To do:
Starting at the line below with "Monede 100 Lei" and stopping at the line with "Brighton, März 30th", please print each line exactly, those two included, and skip every picture.

Data to process:

________________

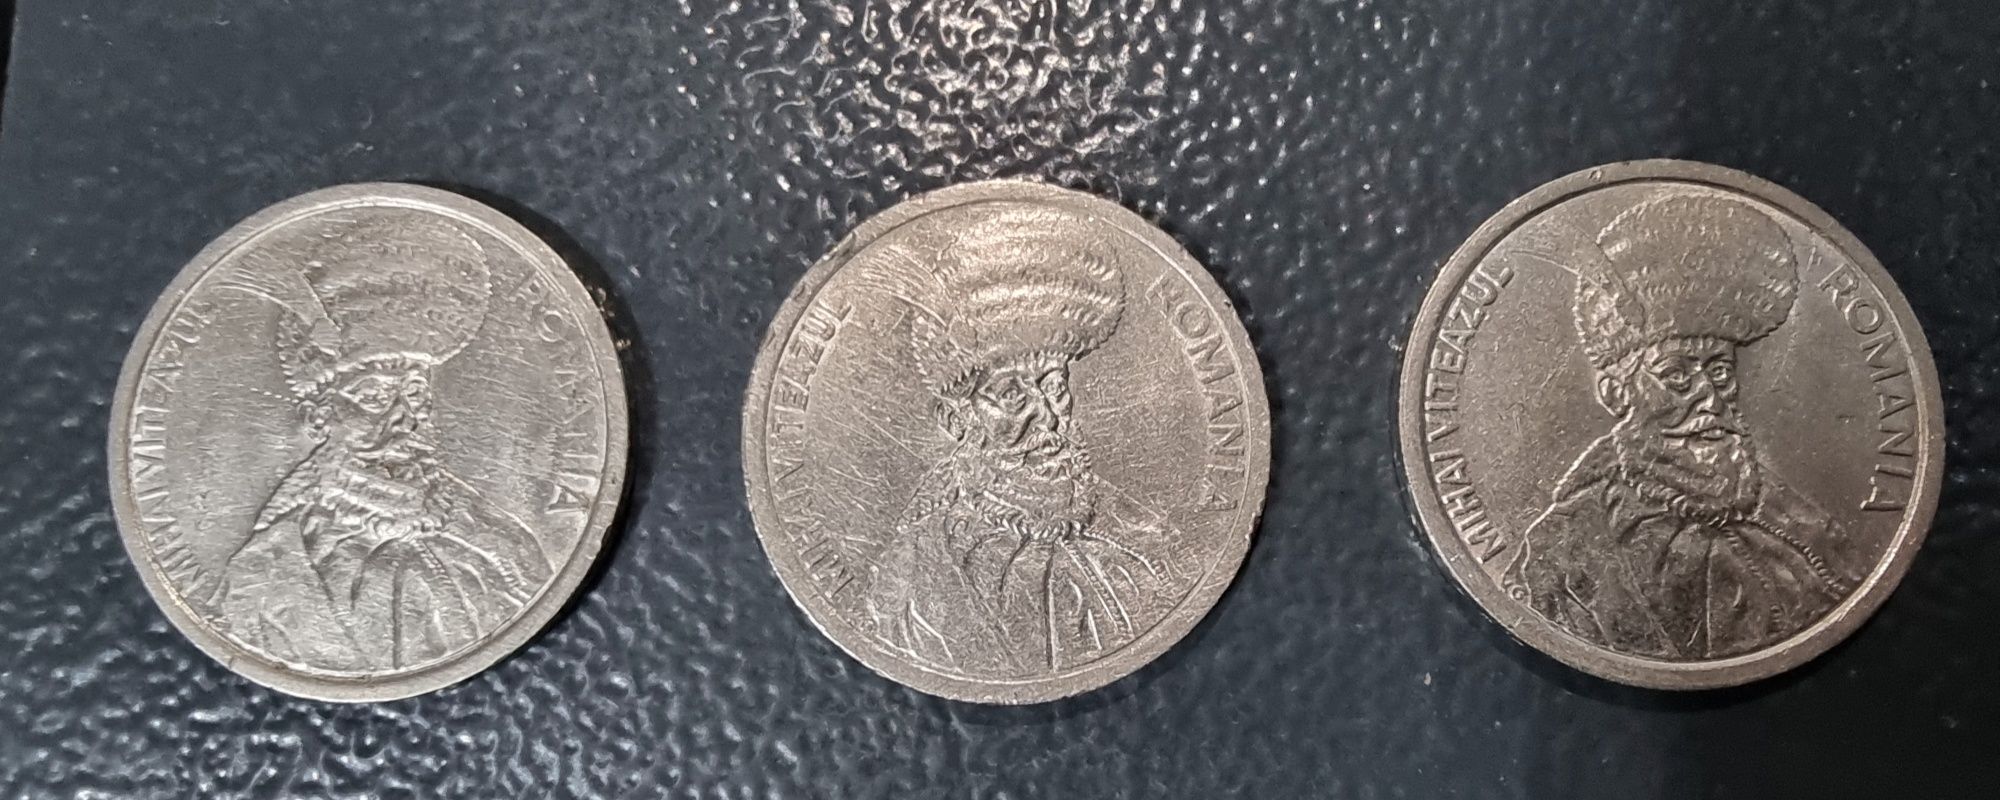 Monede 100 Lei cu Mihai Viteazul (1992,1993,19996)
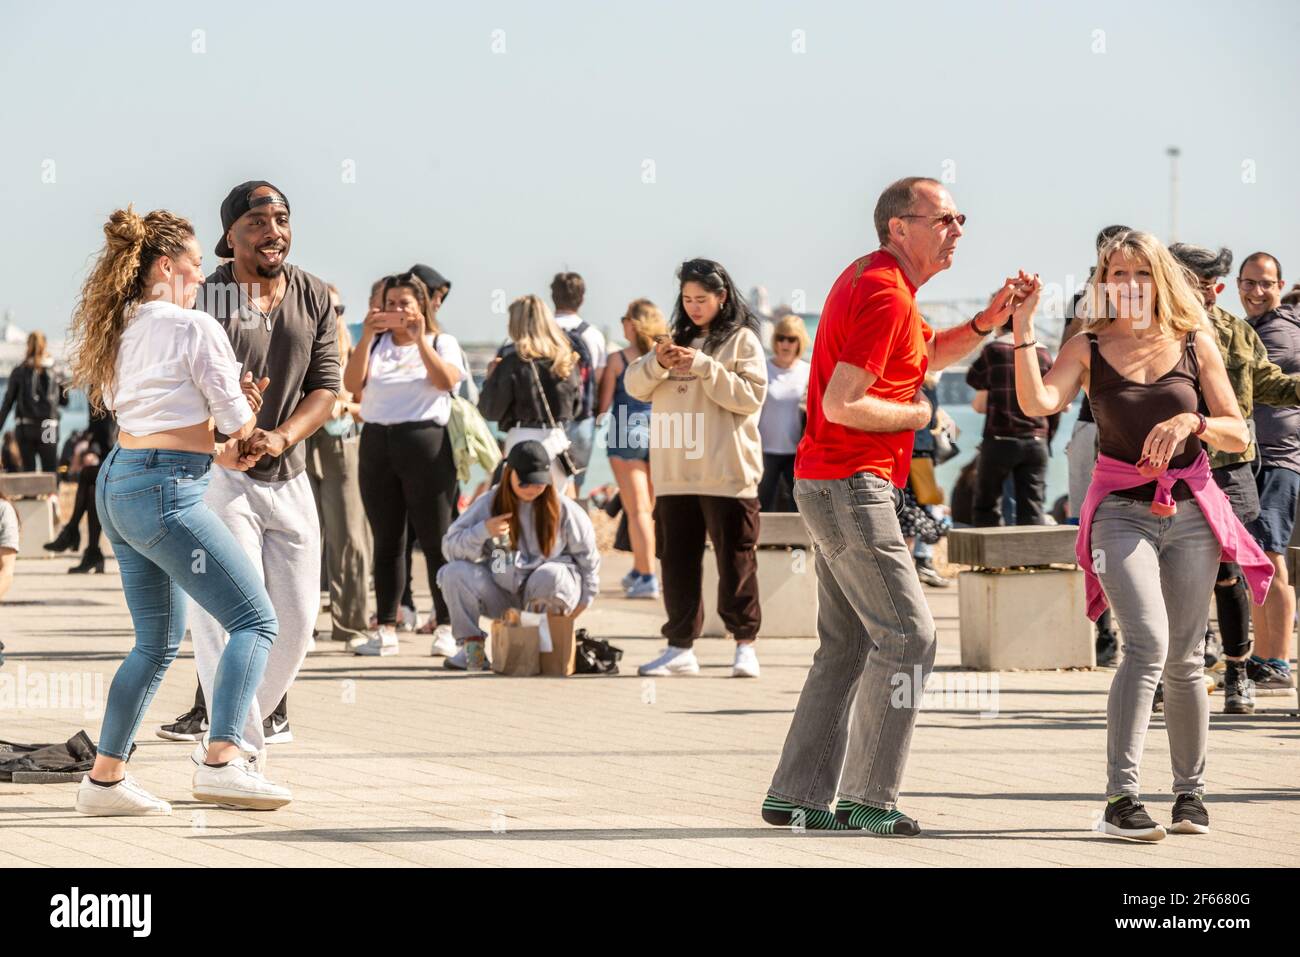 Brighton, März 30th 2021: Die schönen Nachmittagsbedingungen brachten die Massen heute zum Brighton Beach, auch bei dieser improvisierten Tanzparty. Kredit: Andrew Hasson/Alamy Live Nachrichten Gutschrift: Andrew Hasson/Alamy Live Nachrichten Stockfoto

________________

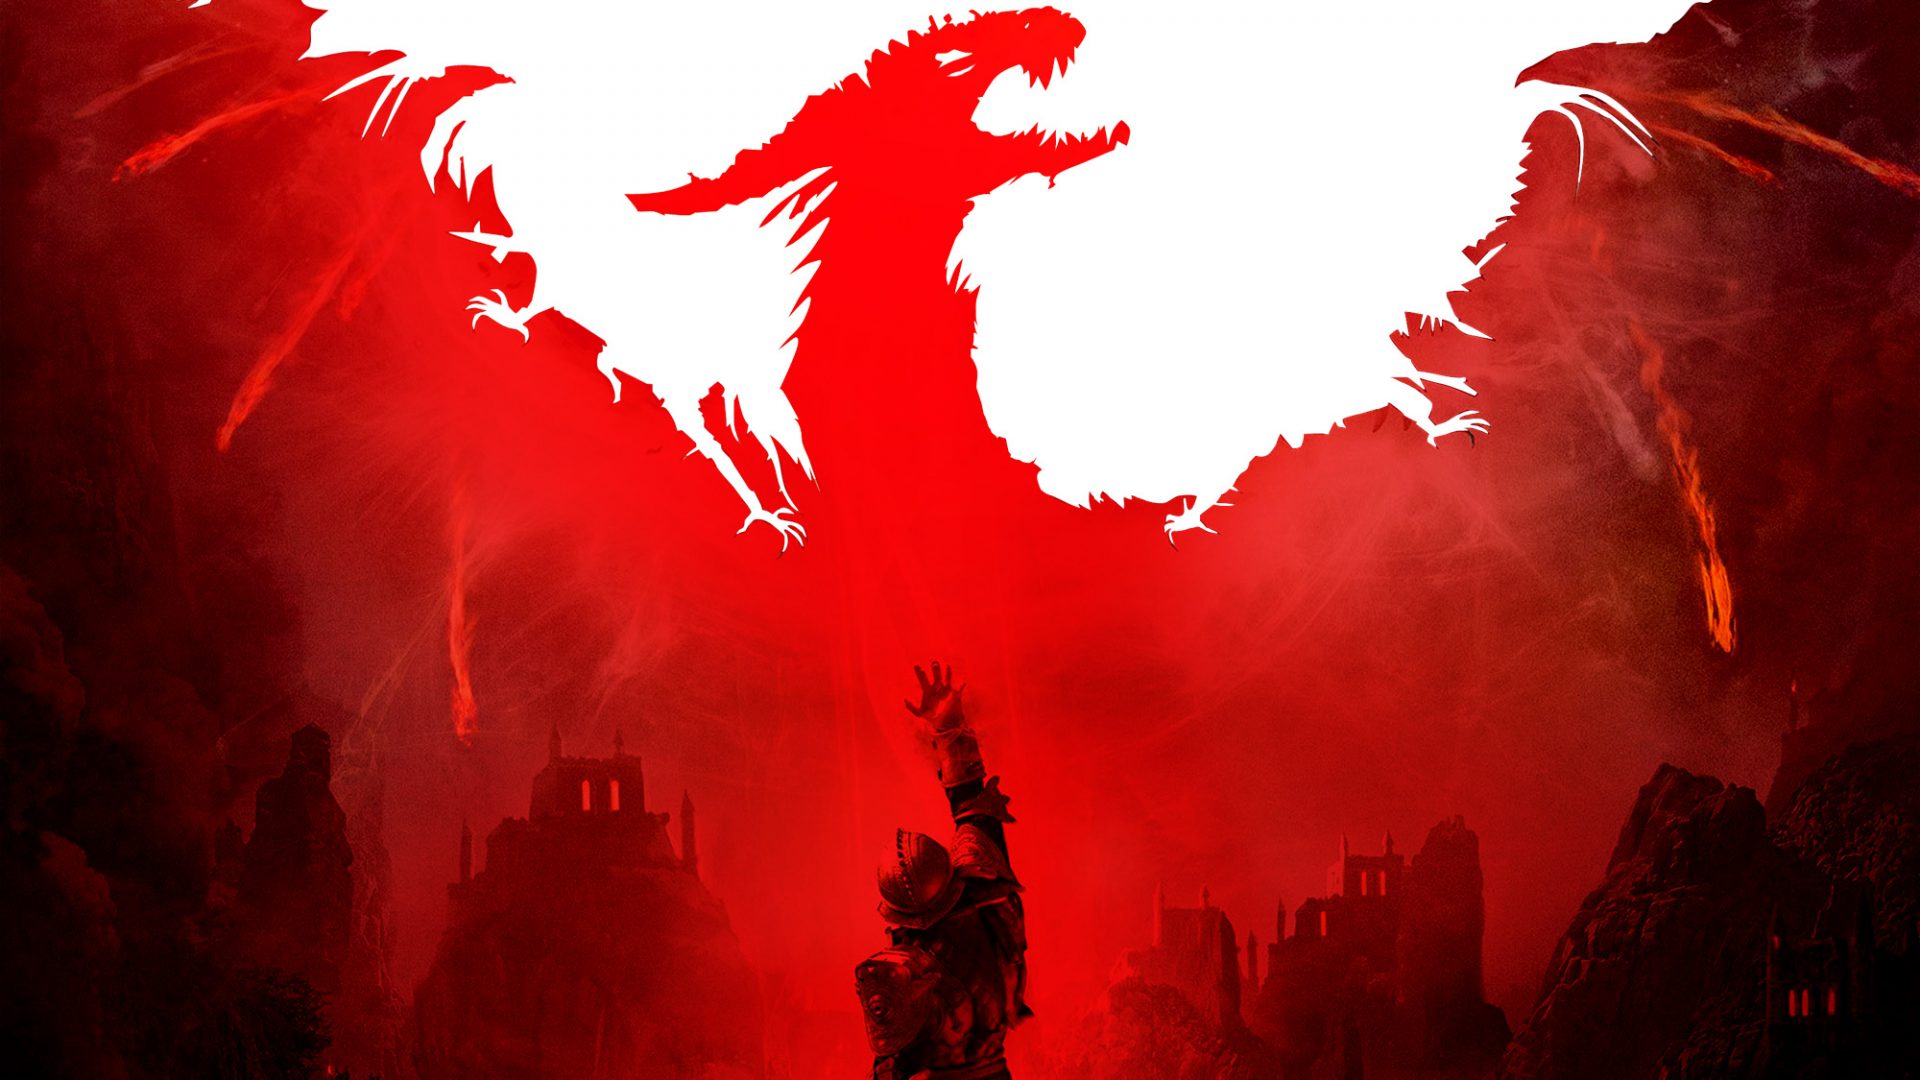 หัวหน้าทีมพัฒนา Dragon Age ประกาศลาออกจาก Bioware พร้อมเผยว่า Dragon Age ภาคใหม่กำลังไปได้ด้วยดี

________________

Exercise answer:
 Monede 100 Lei cu Mihai Viteazul (1992,1993,19996)
 Brighton, März 30th 2021: Die schönen Nachmittagsbedingungen brachten die Massen heute zum Brighton Beach, auch bei dieser improvisierten Tanzparty. Kredit: Andrew Hasson/Alamy Live Nachrichten Gutschrift: Andrew Hasson/Alamy Live Nachrichten Stockfoto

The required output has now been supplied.